### Task to complete
From the data below, return the exact lines starting at the line containing "101 Lessons Vocabulary" and ending at the line containing "Onkyo HT-R980 instruction", both included, and nothing else.

### Records shown
>>>

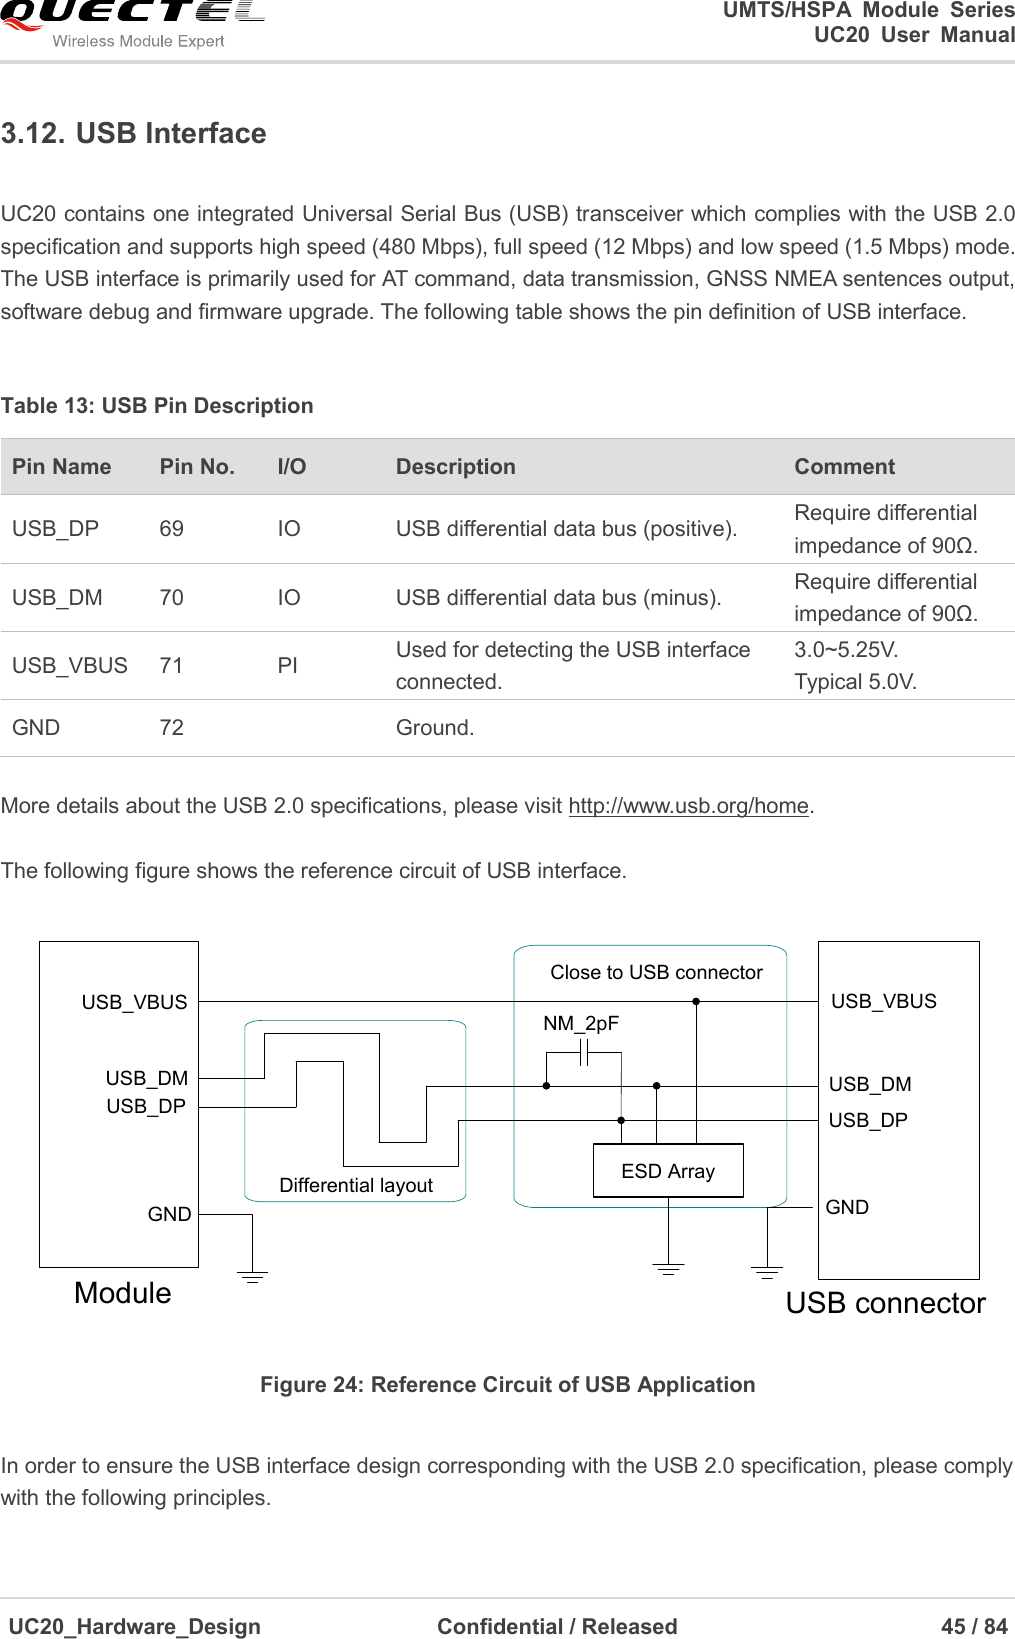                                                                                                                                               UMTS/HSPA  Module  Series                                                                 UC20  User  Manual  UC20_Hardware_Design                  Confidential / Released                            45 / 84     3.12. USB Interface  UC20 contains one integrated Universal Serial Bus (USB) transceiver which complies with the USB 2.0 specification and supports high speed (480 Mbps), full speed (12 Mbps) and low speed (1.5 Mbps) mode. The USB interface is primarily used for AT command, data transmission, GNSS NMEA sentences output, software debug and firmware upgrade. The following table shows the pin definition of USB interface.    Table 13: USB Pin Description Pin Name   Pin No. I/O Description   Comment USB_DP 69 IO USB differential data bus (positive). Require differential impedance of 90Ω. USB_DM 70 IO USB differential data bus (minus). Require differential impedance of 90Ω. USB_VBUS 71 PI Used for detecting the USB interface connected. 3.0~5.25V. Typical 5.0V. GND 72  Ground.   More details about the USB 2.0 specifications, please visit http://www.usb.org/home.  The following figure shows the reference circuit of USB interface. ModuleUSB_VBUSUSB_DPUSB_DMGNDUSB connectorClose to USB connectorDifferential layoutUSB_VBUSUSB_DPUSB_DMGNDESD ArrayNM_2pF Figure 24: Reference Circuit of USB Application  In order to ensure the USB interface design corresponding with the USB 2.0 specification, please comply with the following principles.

<<<
>>>

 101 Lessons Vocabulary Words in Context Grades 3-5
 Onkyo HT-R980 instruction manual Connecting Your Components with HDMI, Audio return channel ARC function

<<<

### Solution to this exercise
 101 Lessons Vocabulary Words in Context Grades 3-5
 Onkyo HT-R980 instruction manual Connecting Your Components with HDMI, Audio return channel ARC function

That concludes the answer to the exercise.